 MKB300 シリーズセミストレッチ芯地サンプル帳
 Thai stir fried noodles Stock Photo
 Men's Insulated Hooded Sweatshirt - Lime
========================================================================
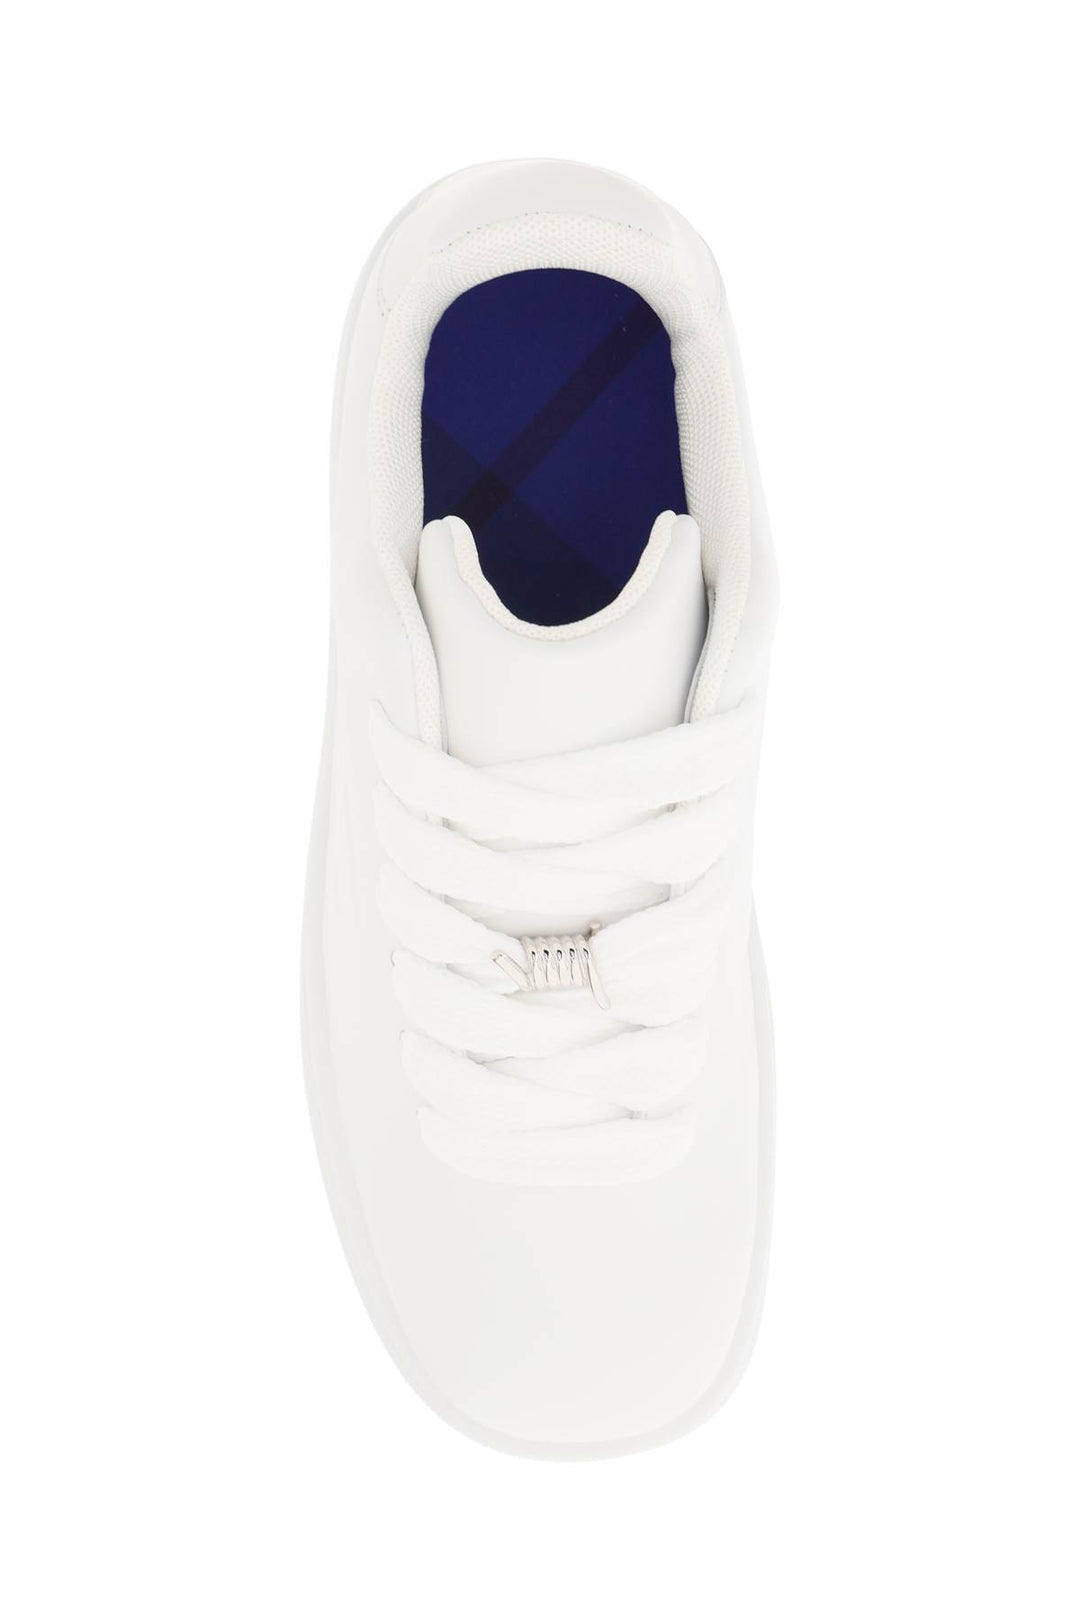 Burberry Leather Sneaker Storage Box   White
========================================================================
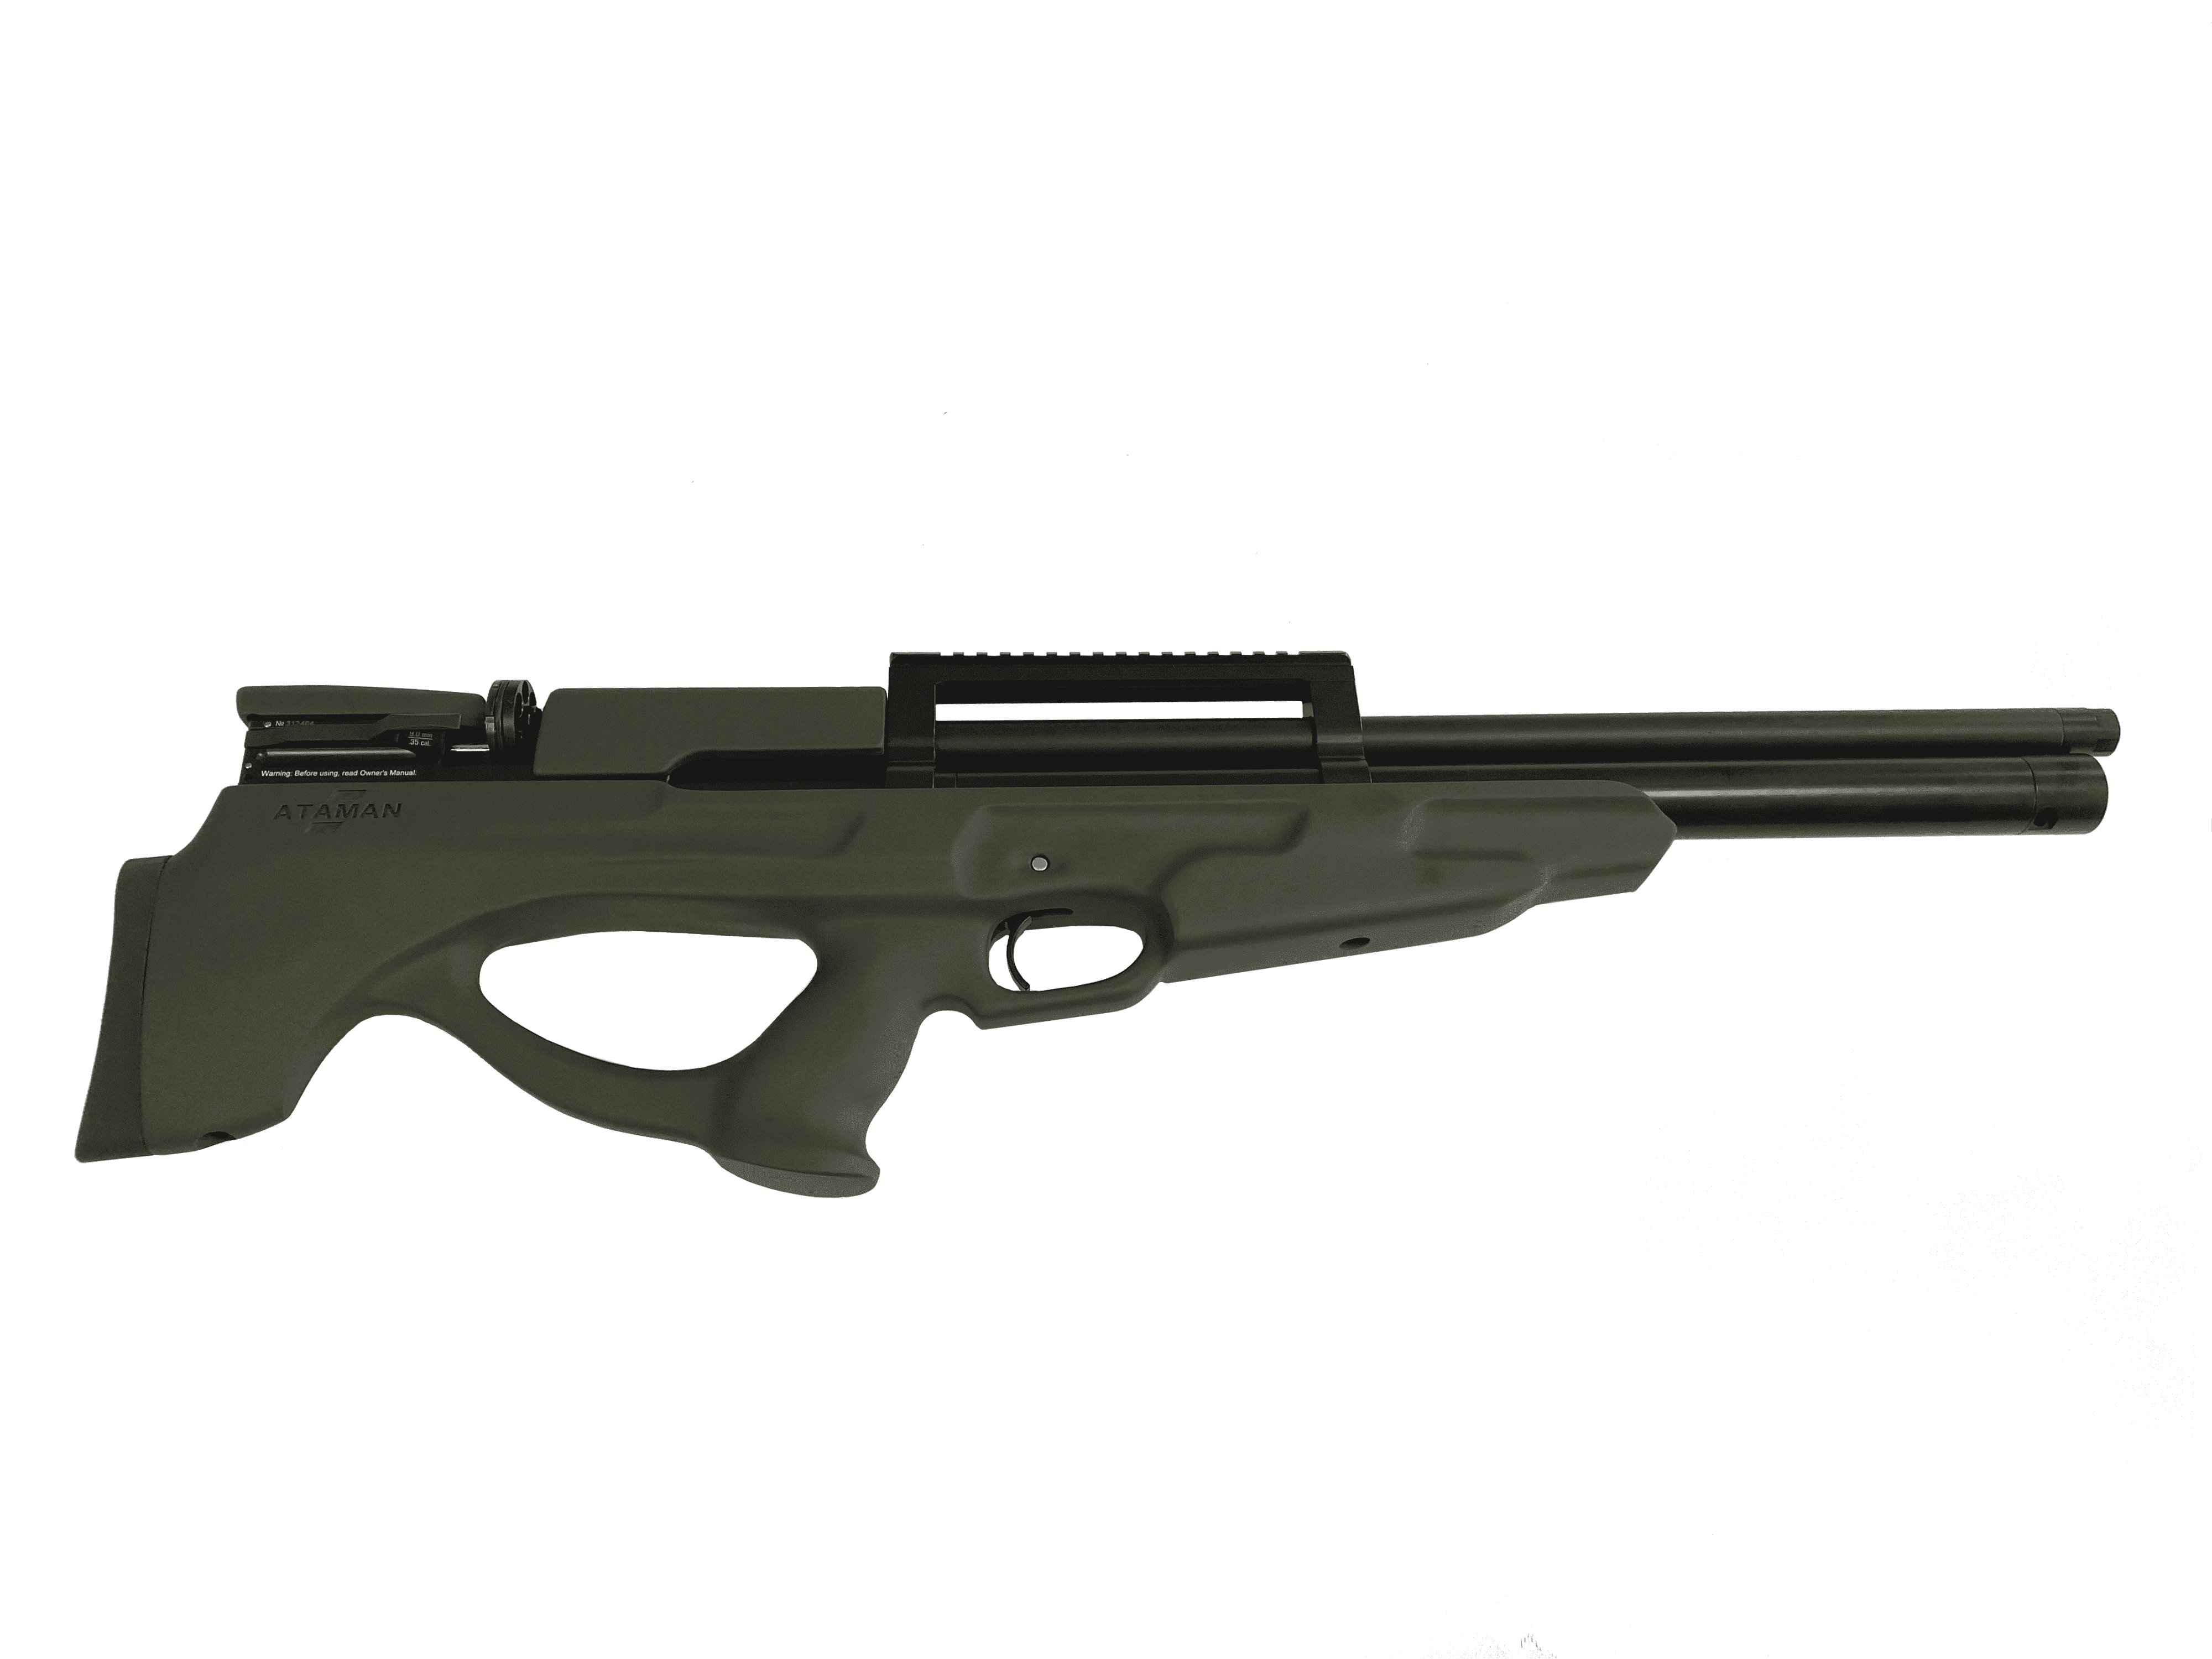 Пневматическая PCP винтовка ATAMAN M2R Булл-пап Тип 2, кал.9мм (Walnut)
========================================================================
> [Exercise aim]
Reproduce the lines of the entries above from the one with "MKB300 シリーズセミストレッチ芯地サンプル帳" to the one with "Men's Insulated Hooded Sweatshirt - Lime", both included, exactly and without any other line.

> [Exercise result]
 MKB300 シリーズセミストレッチ芯地サンプル帳
 Thai stir fried noodles Stock Photo
 Men's Insulated Hooded Sweatshirt - Lime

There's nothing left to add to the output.